Carlise Bethel, Ph.D.
Molecular and Cell Biology 2006
Area of Doctoral Study: Molecular and Cell Biology
Undergraduate Institution: University of Maryland, Baltimore County
Research Advisor: Charles J. Bieberich, Ph.D.
Current: Postdoctoral Fellow, Johns Hopkins University
Description of Research
The prostate gland is one of the most disease-prone organs of the human body. The three major pathological entities that afflict this organ are chronic inflammatory prostatitis, prostate cancer, and benign prostatic hyperplasia (BPH). BPH is the most common benign proliferative disorder found in any internal organ. It is observed in 88% of autopsies performed in males 80 years of age, and symptomatology compatible with BPH is observed in almost half of all men 50 years of age or older. An estimated 379,000 prostatectomies to treat BPH are performed each year in the United States alone. In addition 40,000 men per year die from prostate carcinoma. Despite the enormity of the problem of prostate disease, there is a dearth of information regarding the development of the prostate gland.

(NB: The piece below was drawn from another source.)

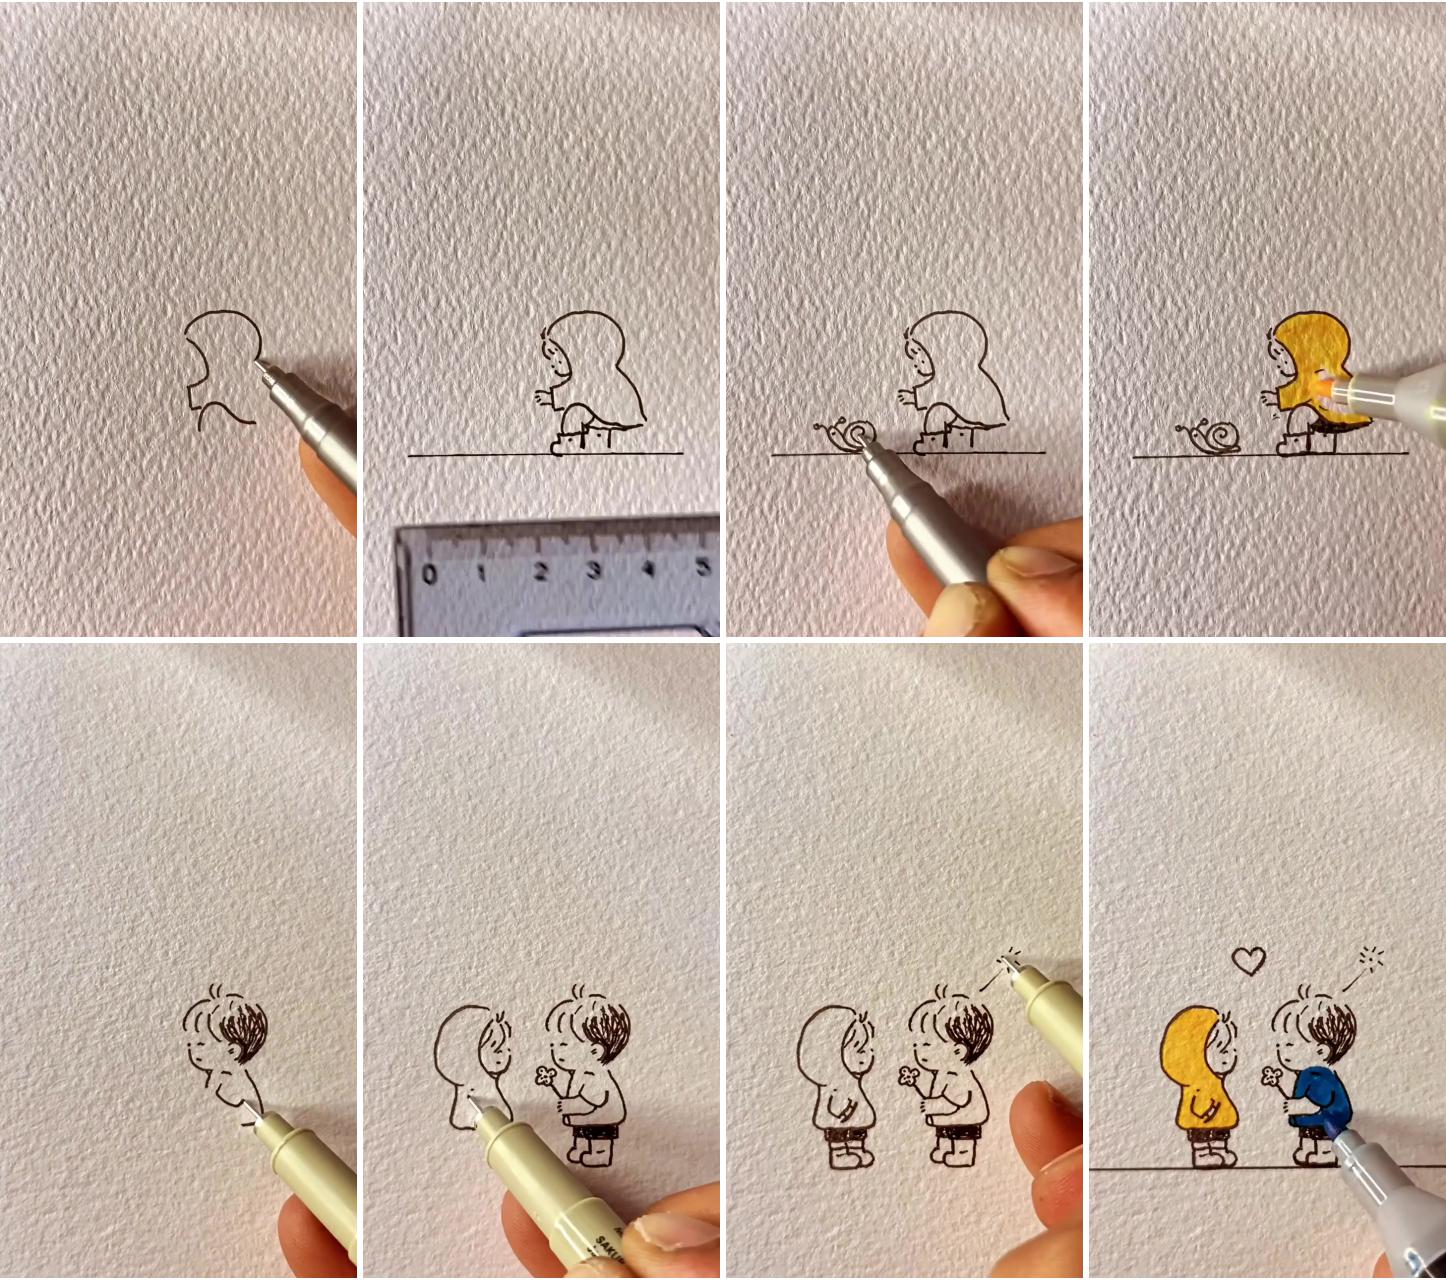 Cute doodles drawings | book art drawings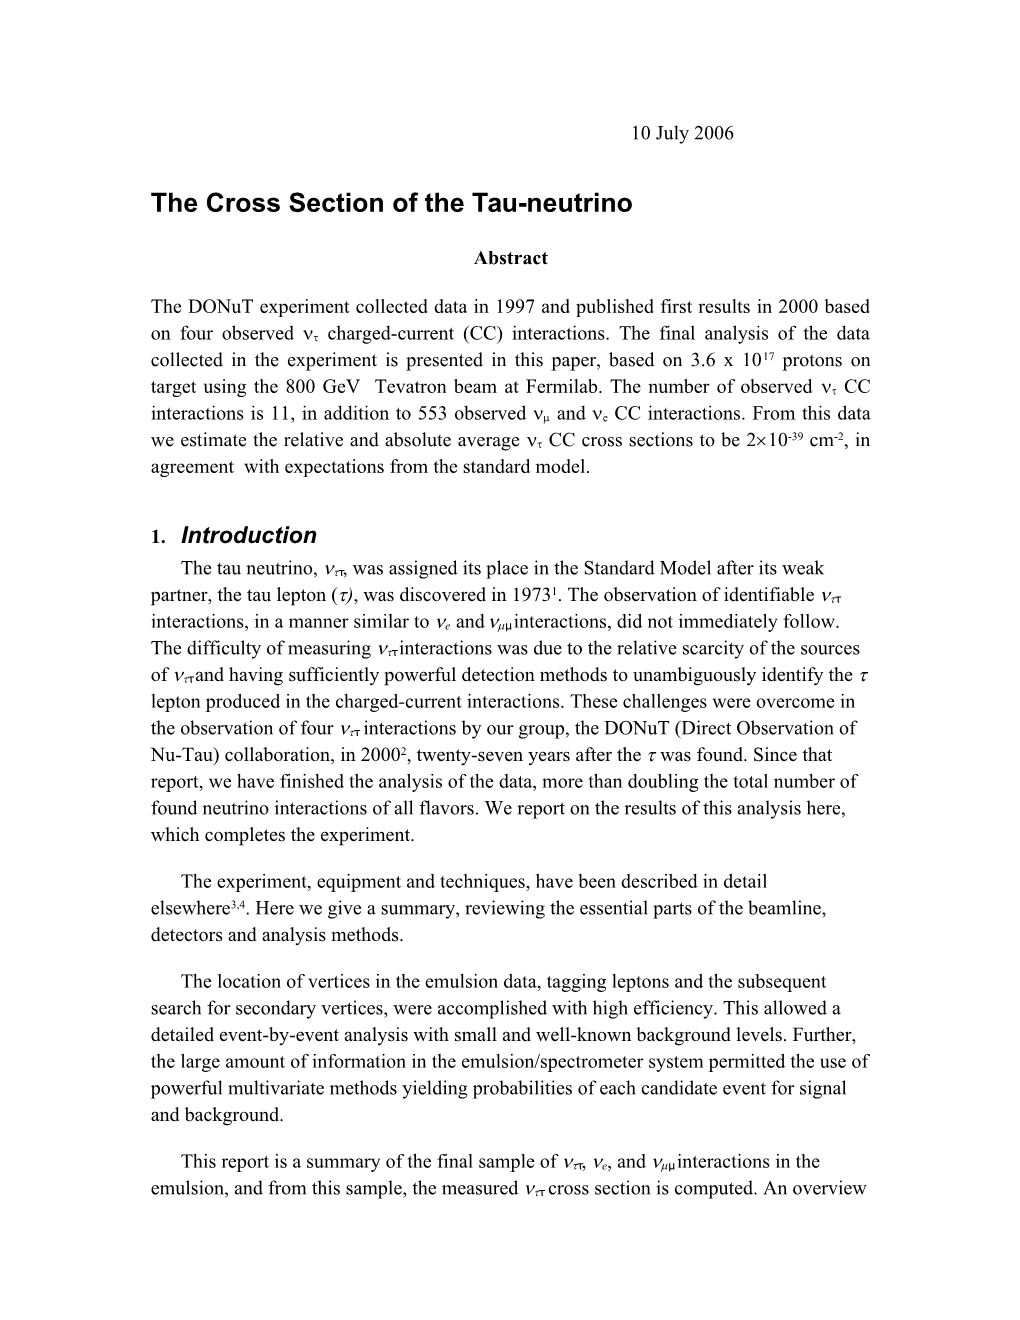 Tau-Neutrino Cross Section

The prostate gland develops as the epithelium of the urogenital sinus invades a mass of mesenchyme near the neck of the bladder. The developmental progression from an undifferentiated urogenital sinus epithelial cell to a fully differentiated prostatic epithelial cell most likely involves a cascade of regulatory events. By analogy to other developmental systems, this regulatory cascade must be driven by transcriptional regulatory molecules. Current hypotheses of prostate development suggest the presence of mesenchymal signals that induce epithelial differentiation. However, these hypotheses have not addressed the nature of the transcriptional programs subsequently initiated and maintained in the prostatic epithelium. A new homeobox gene, Nkx-3.1 encodes a homeodomain transcription factor that is expressed during prostate development and in the adult gland. It is proposed to play a pivotal role in prostate morphogenesis and maintenance. We proposed that Nkx-3.1 itself is capable of specifying the fate of prostatic epithelial cells. This hypothesis will be tested by deriving transgenic mice carrying a transgene consisting of Nkx-3.1 under the control of the mouse uroplakin II (UPII) promoter which will direct expression of the urinary tract of transgenic mice. Transgenic founder generation animals will be identified by Southern blot analysis and bred to produce hemizygous F1 offspring. The pattern of expression of the transgene will be determined by a combination of Northern blot, RT-PCR, and in situ hybridization analyses. This study is designed to provide new insights into the molecular basis of normal prostate differentiation, and elucidate possible mechanisms for prostate disease.